## Exercise:
Every line below is to be copied exactly, with the pictures left out.

## Stored data:
┄┄┄┄┄┄┄┄┄┄┄┄┄┄┄┄┄┄┄┄

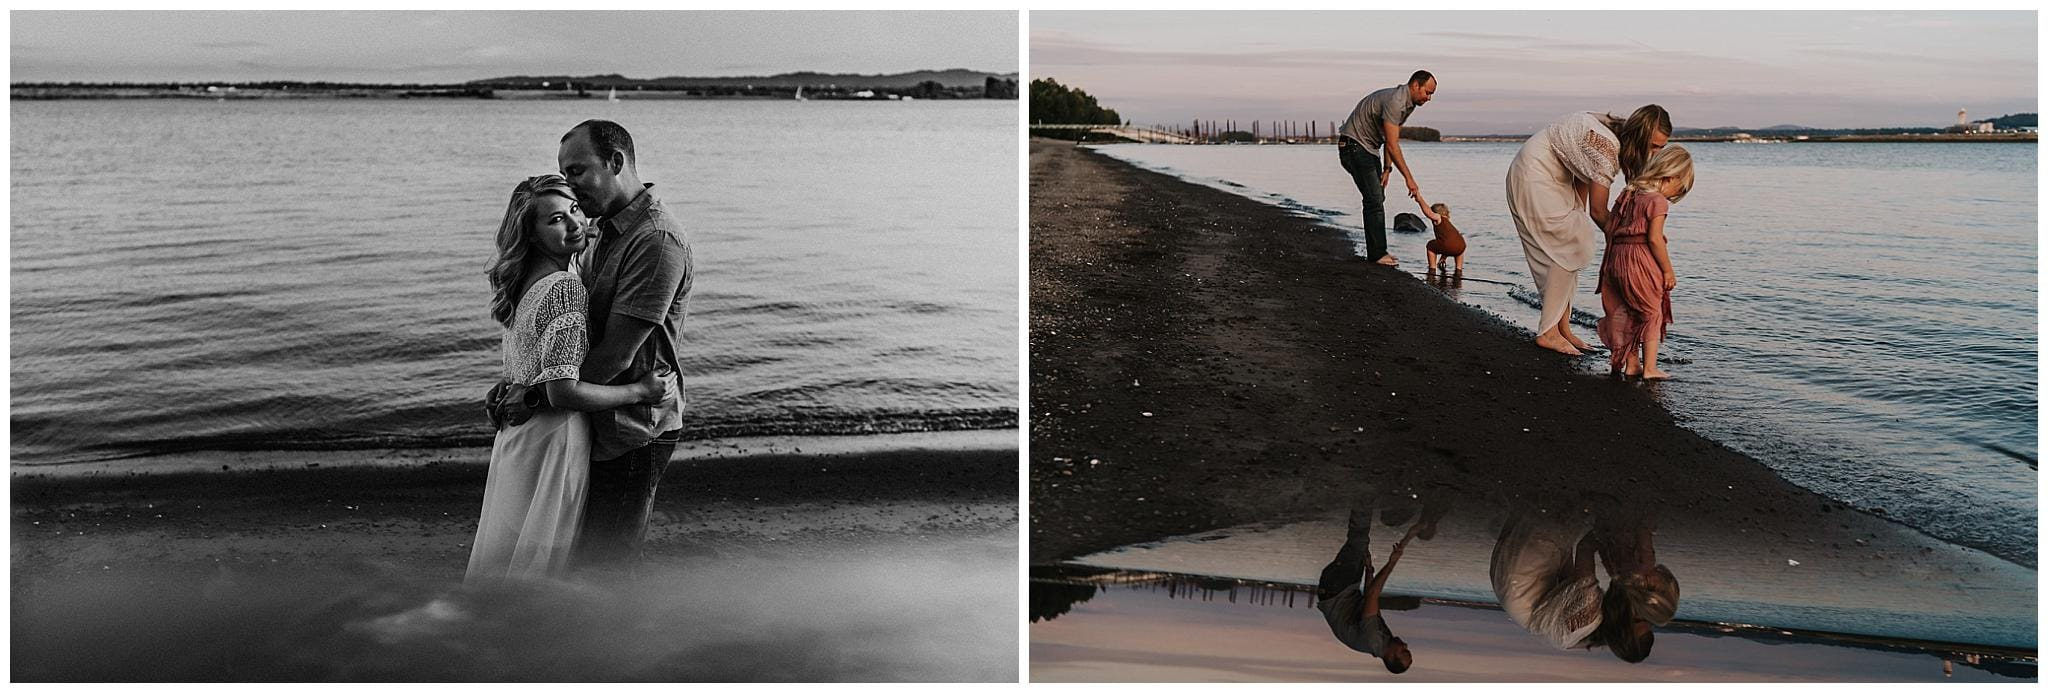 cellphone reflection photography - portland photographer
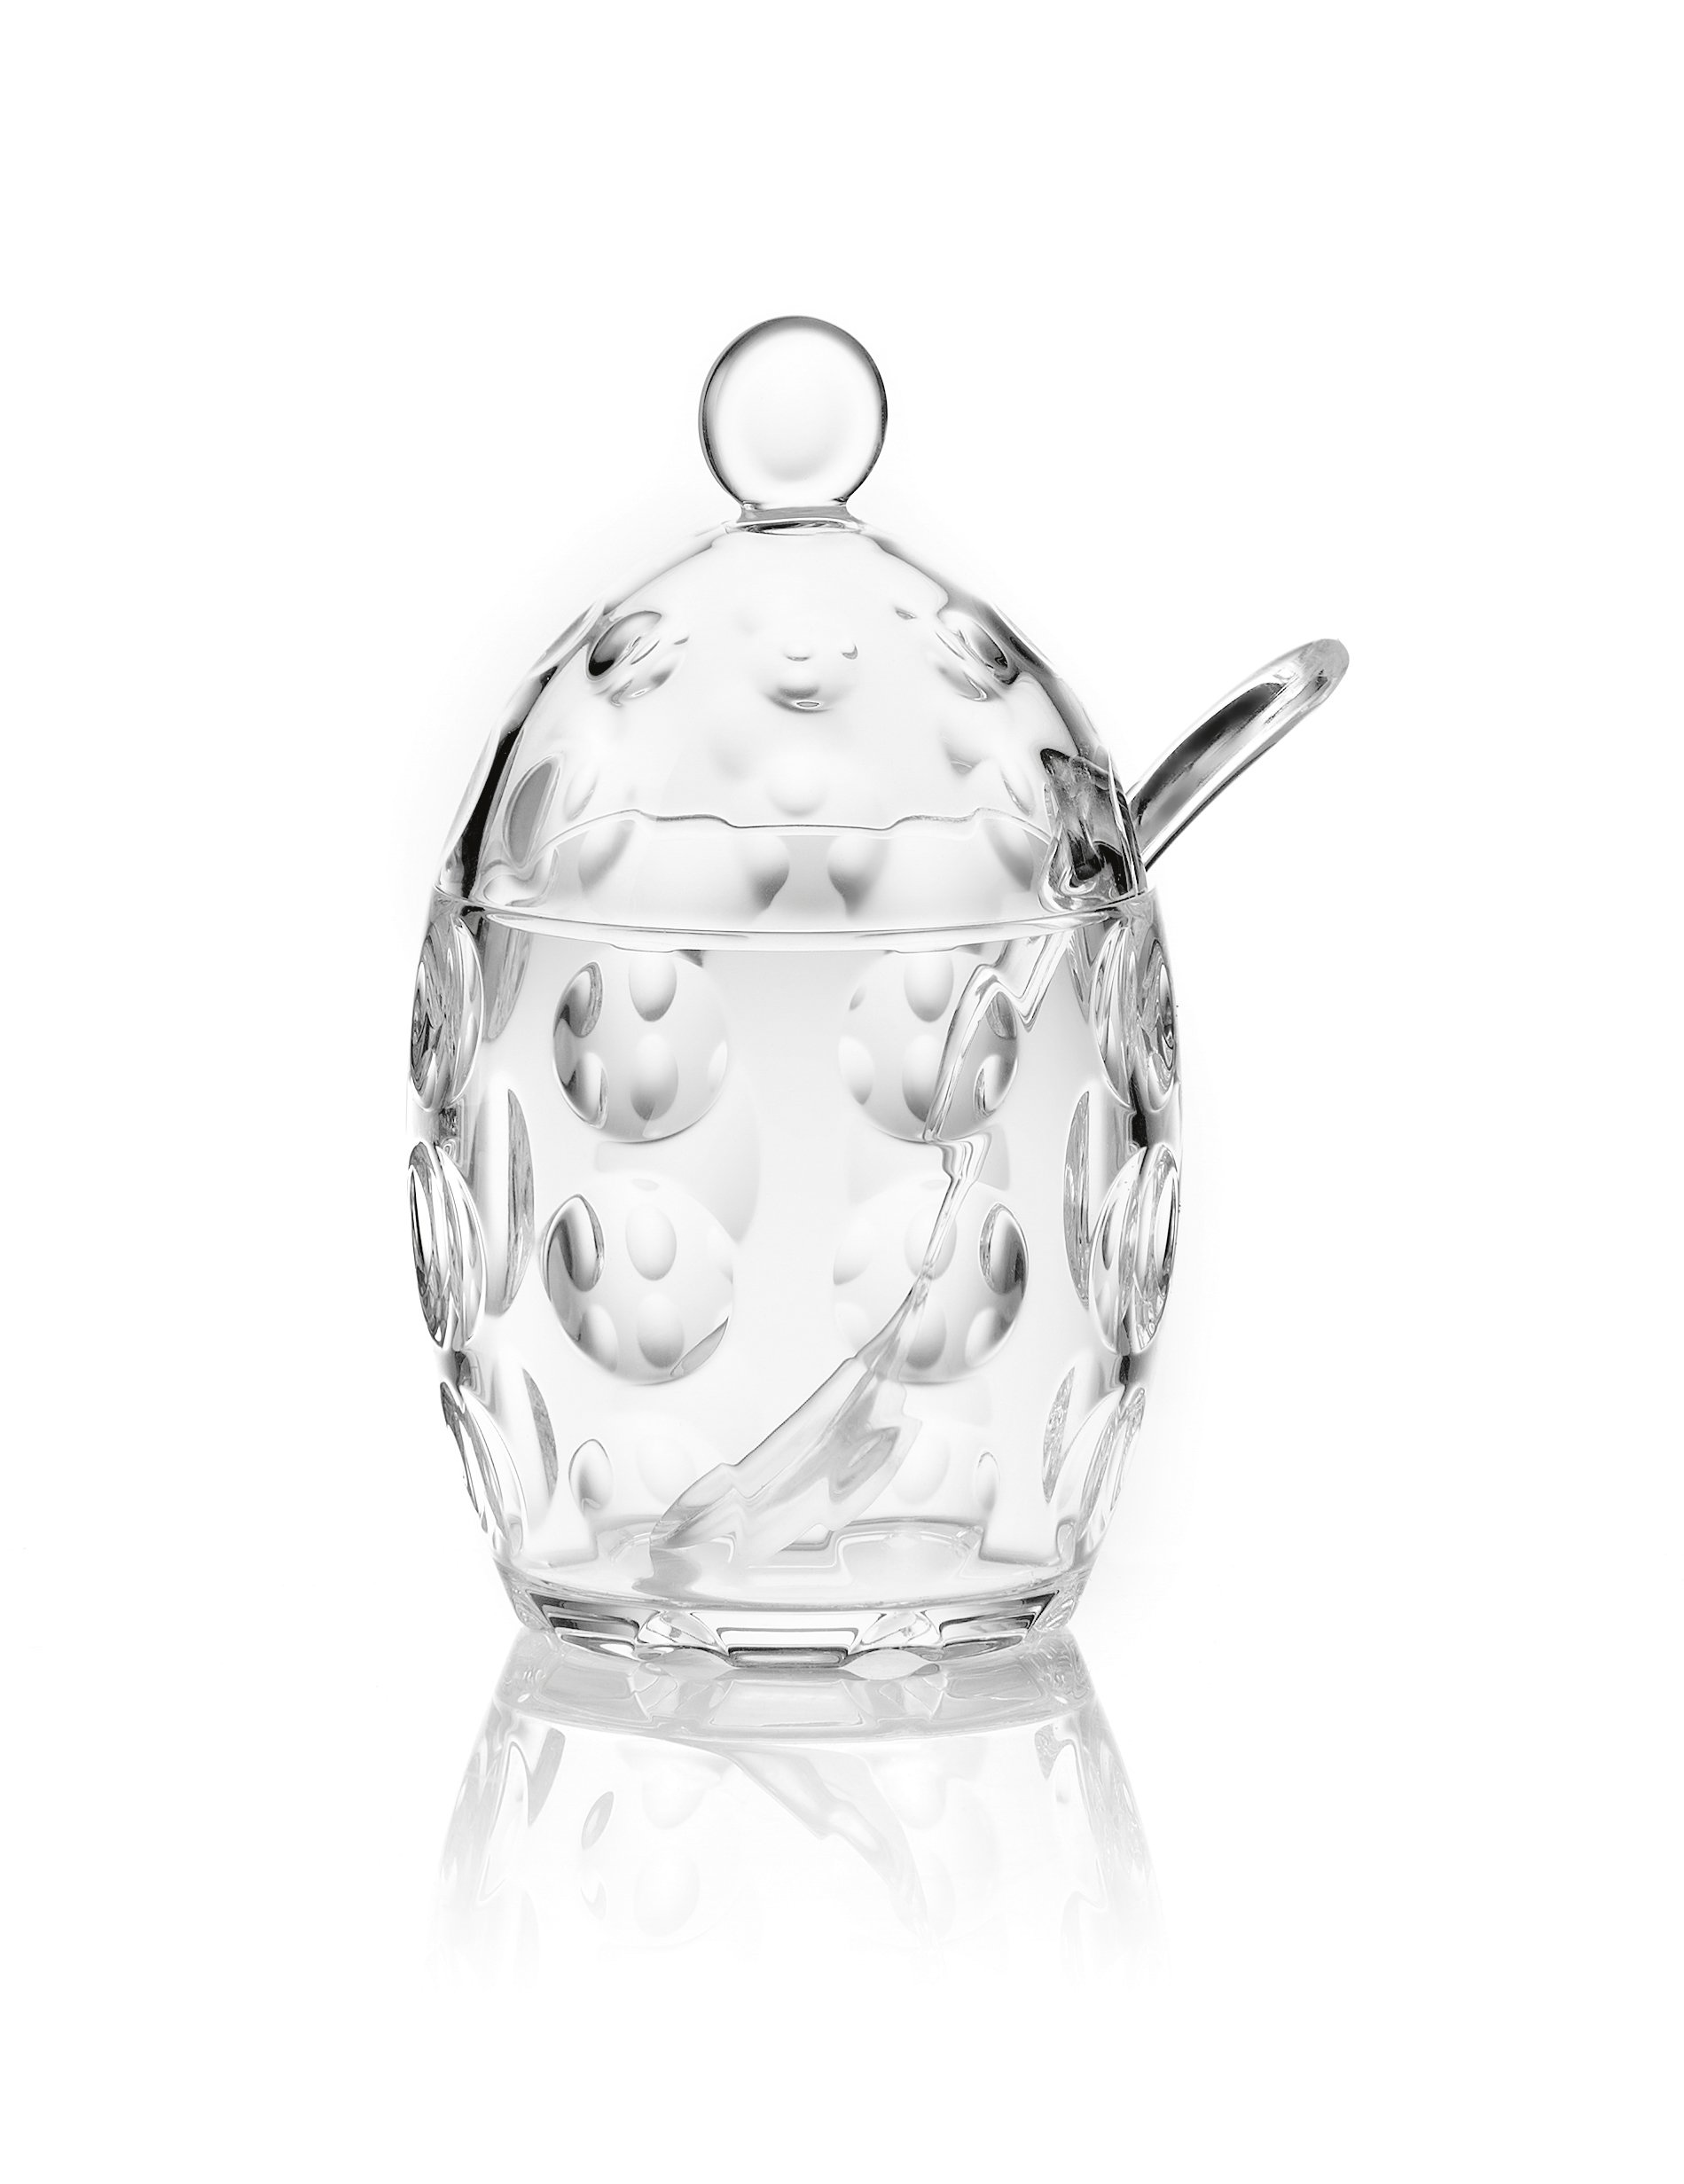 Guzzini Venice Collection Sugar Bowl with Teaspoon, 7-3/4-Fluid Ounces, Transparent
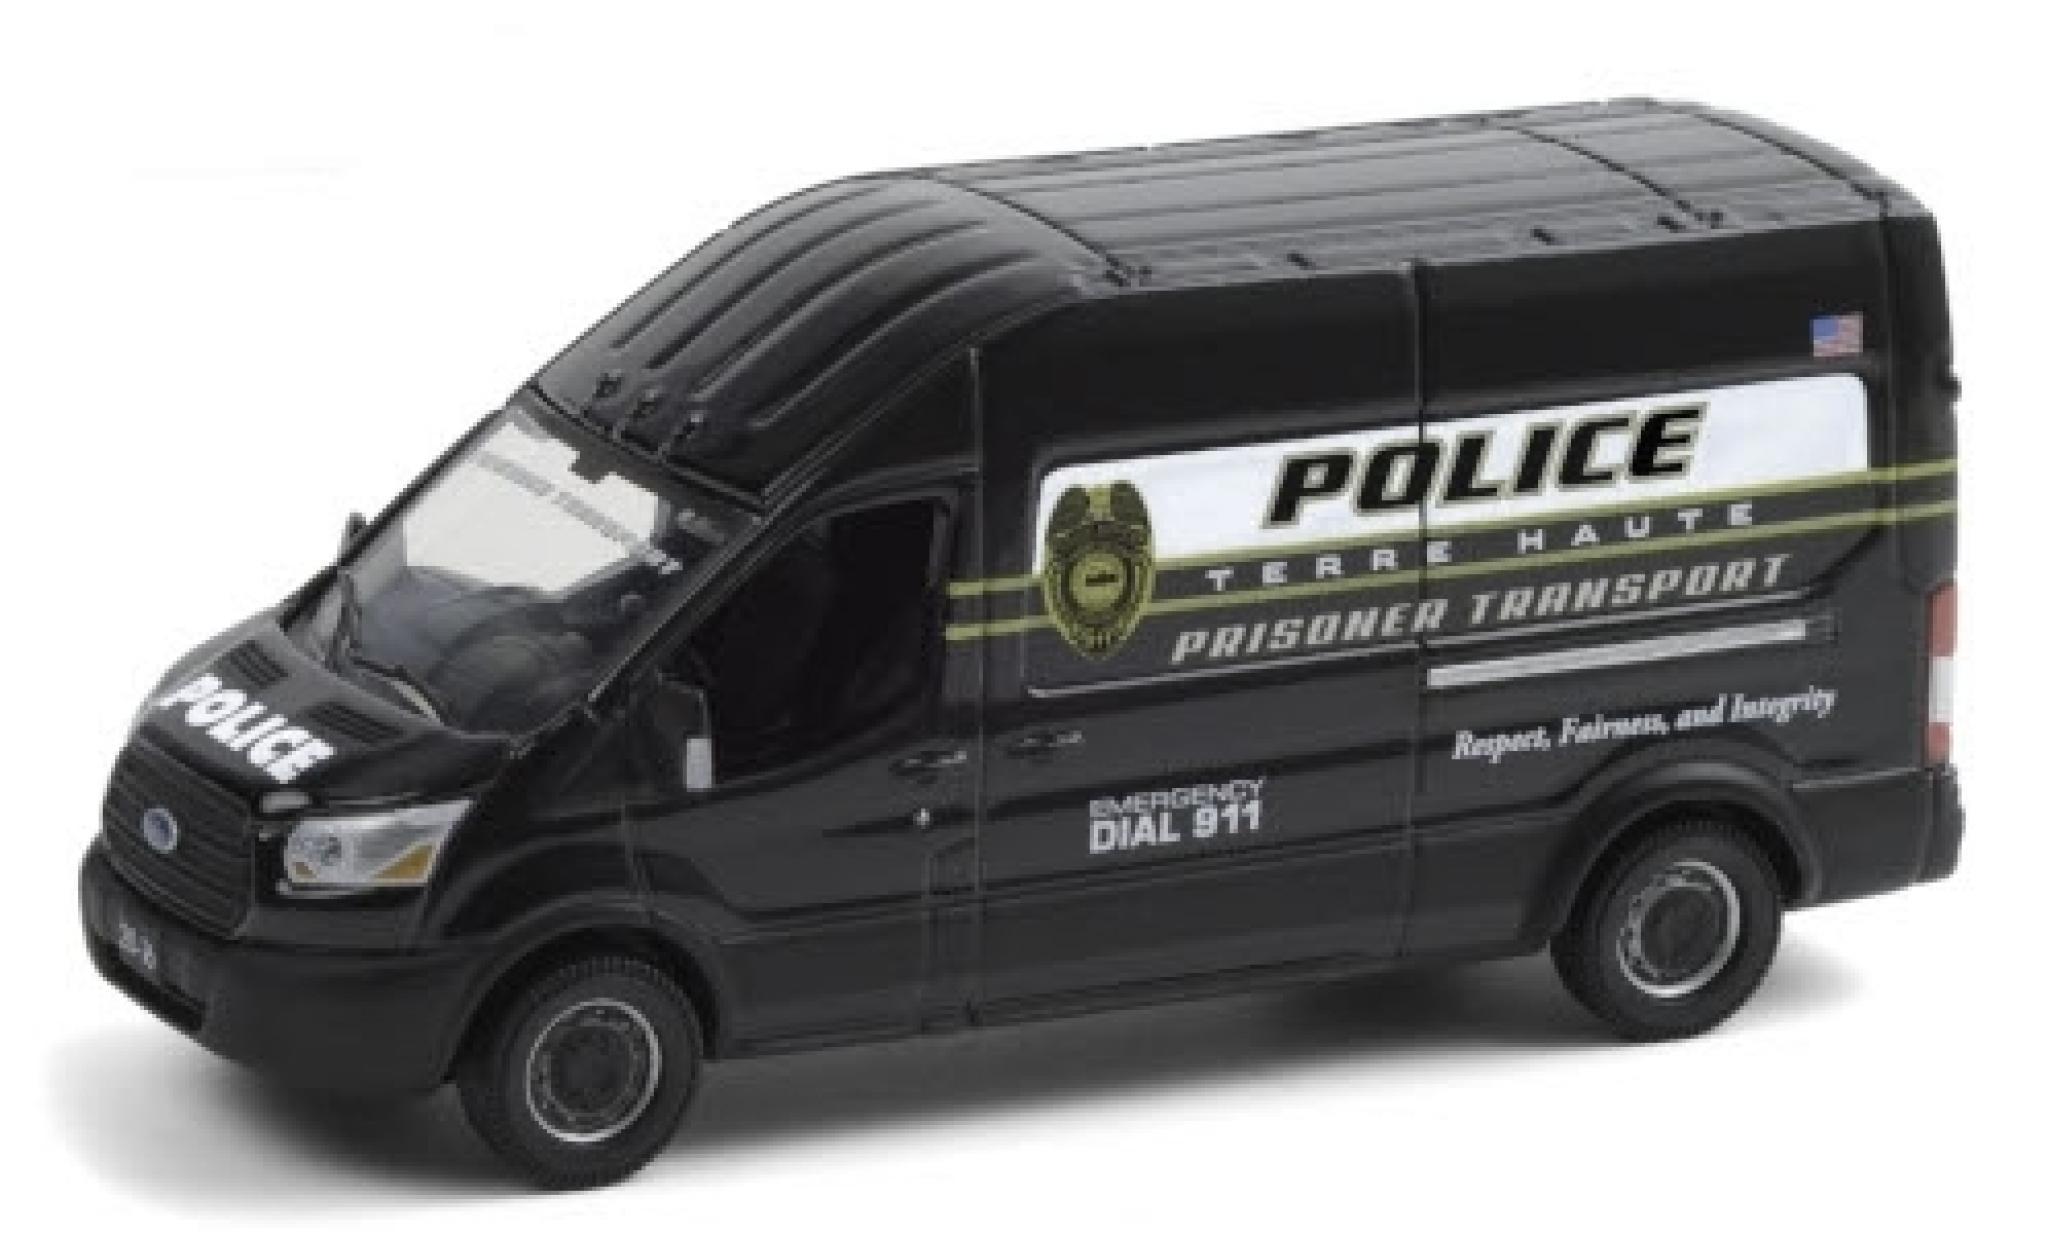 Ford Transit 1/64 Greenlight LWB HD Terre Haute Police Department 2020 Prisoner Transport

┄┄┄┄┄┄┄┄┄┄┄┄┄┄┄┄┄┄┄┄

## Answer space:
 cellphone reflection photography - portland photographer
 Guzzini Venice Collection Sugar Bowl with Teaspoon, 7-3/4-Fluid Ounces, Transparent
 Ford Transit 1/64 Greenlight LWB HD Terre Haute Police Department 2020 Prisoner Transport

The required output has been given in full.